Coronado is pretty much built out. There aren’t too many vacant lots, except in the last place you would expect to find one – right on the bayfront of Ferry Landing. For the past 15 years there’s been an abandoned piece of land between Il Foranio and the Coronado Bay Club, distinguished only by dirt, weeds, and a lonely “for lease sign.”
But that may soon change. An experienced restaurateur has signed a letter of intent to build a sushi and steak eatery called An the Bay – a play on the Korean word for “on”.
“We’re just at the beginning of the process,” said George Palermo, general manager for the Ferry Landing Association, which leases the land from the Port of San Diego and sublease it to retailers.
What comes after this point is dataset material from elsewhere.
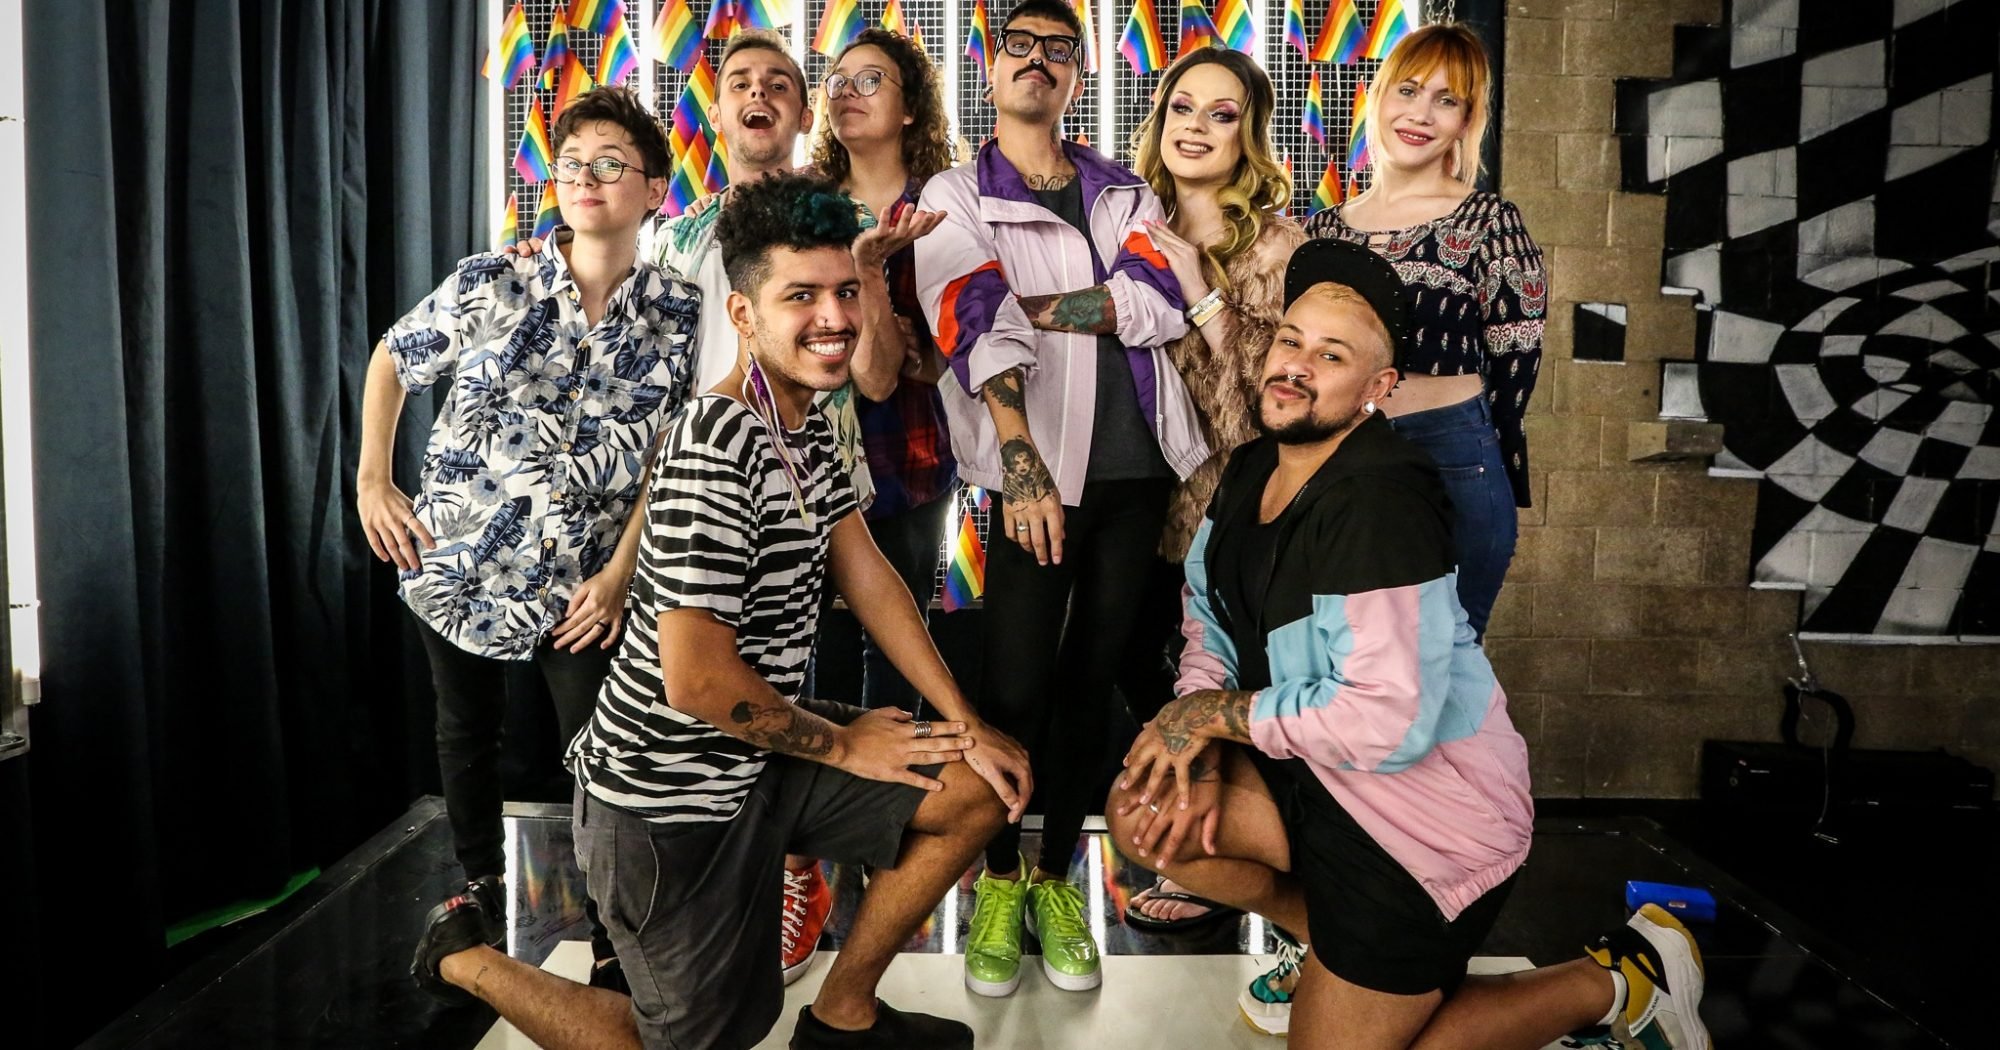 Parada do Orgulho LGBT vai ser transmitida ao vivo pelo youtube

The process could be lengthy one. The Port Commission has to approve the plans and the neighbors will have a say as well. When Il Fornaio was first proposed there was considerable opposition from people who lived at Oakwood, but the neighborhood has changed. Oakwood is now the Coronado Bay Club. The Ferry Landing is bustling.
The original plan called for two restaurants. That didn’t happen because the second restaurant, Fleming’s Steakhouse, backed out at the last minute.
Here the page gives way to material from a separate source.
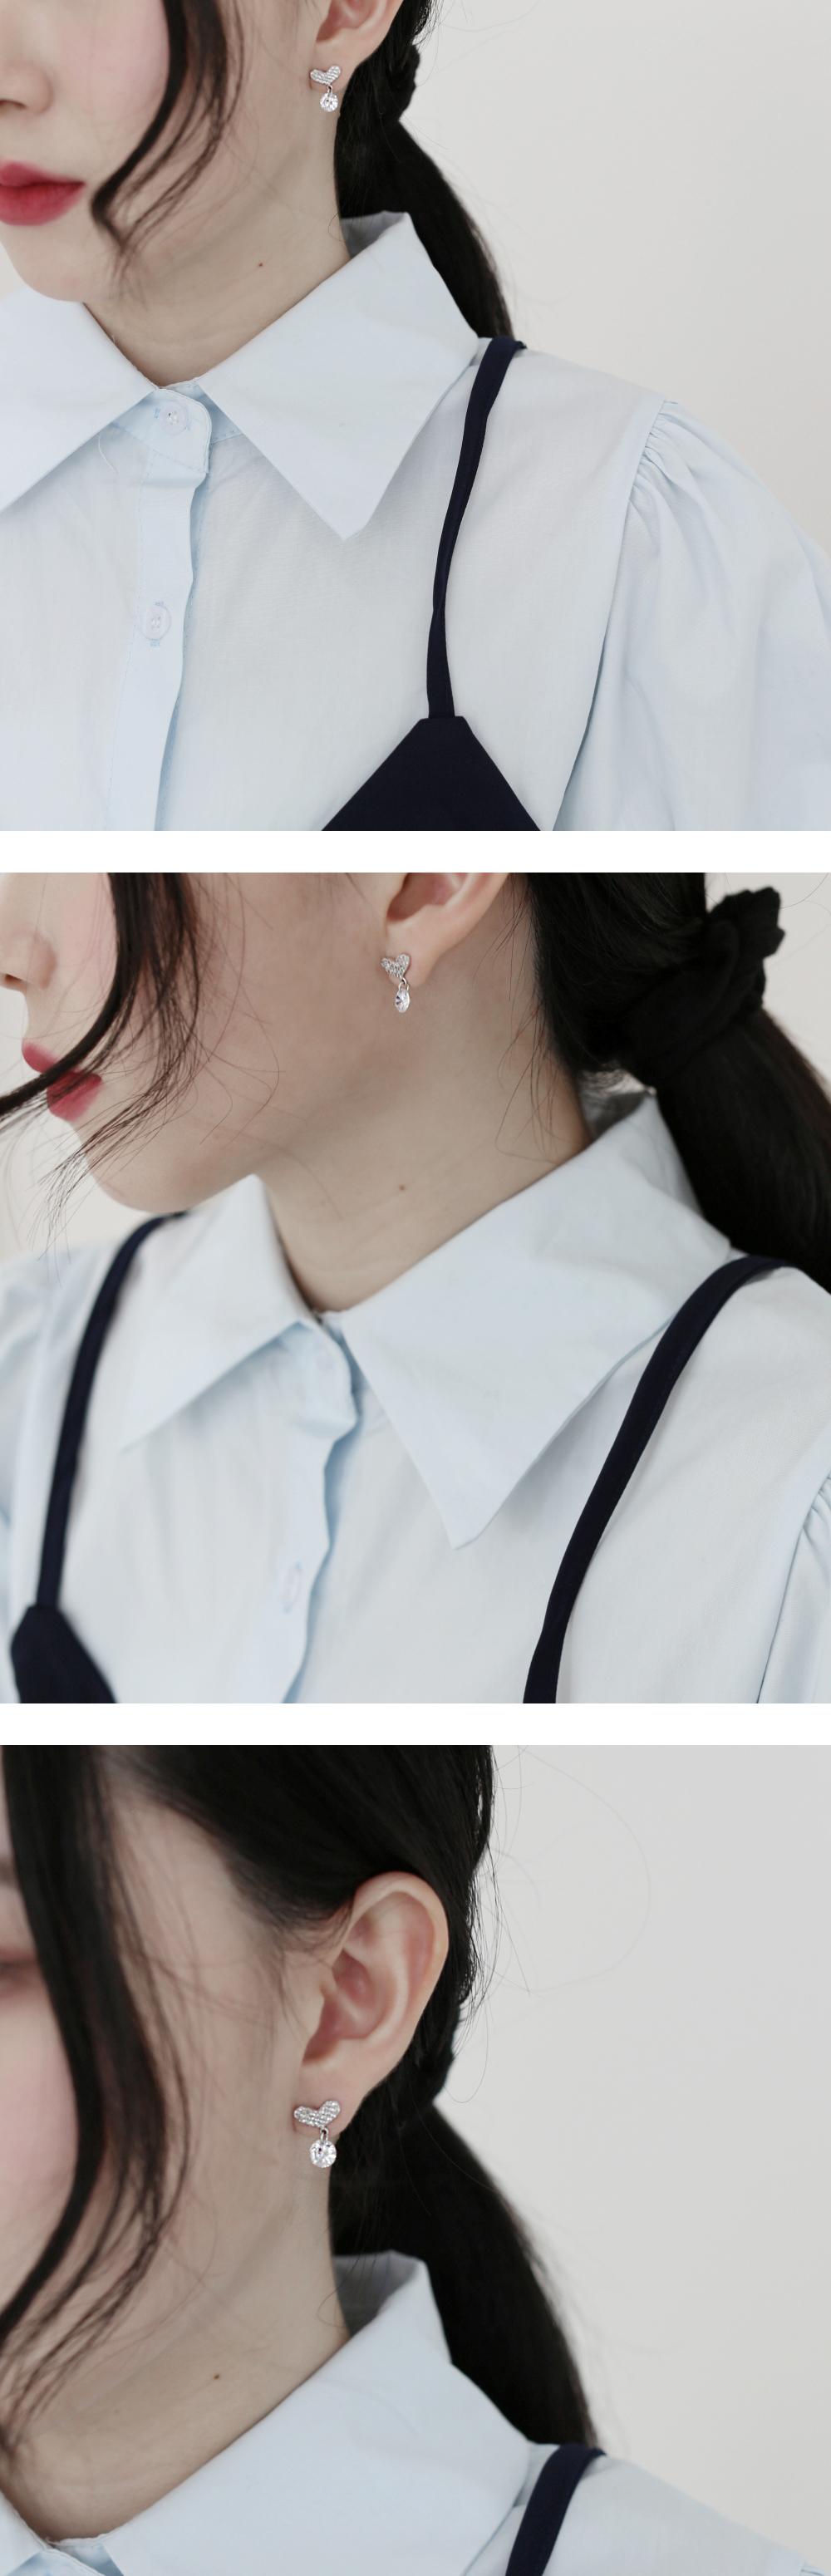 Bebe heart earrings

“That tainted the site. People thought there must be something wrong with the property,” said Palermo
“Word spreads, time goes by, there’s an economic downturn and the next thing you know 15 years have gone by.”
The land set idle primarily of a contractual agreement Ferry Landing Associates, had with the Port of San Diego. It stipulated that only a restaurant could be built there.
The Ferry Landing Association has a forty-year lease (1997 to 2037) that only allows them to build restaurants on the land, said Tanya Castaneda, spokesperson for the Port of San Diego. Leases can be amended, but it requires approval from the Port Commission, she added.
“We did consider it,” said Palermo. But there weren’t a lot of options. “Retail would have never worked there. There wasn’t enough foot traffic.”
At one point Lamb’s Players considered building a theater there. An oral surgery practice from La Jolla looked at the property, but it was too expensive. “It didn’t pencil out for them,” Palermo said.
The only business that could be viable was a restaurant, but after the economic downturn in 2007-2009 that became untenable.
A number of restaurants in the Gaslamp went out of business and it was easier and cheaper to move into one of those spaces. Remodeling a restaurant cost about $300,000, building one from the ground up can cost between $4 and $5 million, Palermo said.
In the 15 years the lot has remained empty, the south end of the island has experienced a transformation from tawdry to tony, with up scale condos and high-end trendy restaurants.
The laundromat on the corner of First and Orange is gone and the entire block has gentrified block of dive bars into a restaurant row: Nicky Rottens, Saiko Sushi, Sapori and Coronado Brewing Company. Tartine’s is less than a block away. The Ferry Landing itself has two dining venues – Peohe’s and Candelas on the Bay.
Soon the district, if all goes well, will be graced with a new eatery and residence and visitor’s another dining experience. Palermo has his fingers crossed. For now, everything is tentative. “They may change the name before the restaurant is built,” he pointed out. Still after 15 years having a letter of intent is welcome news indeed.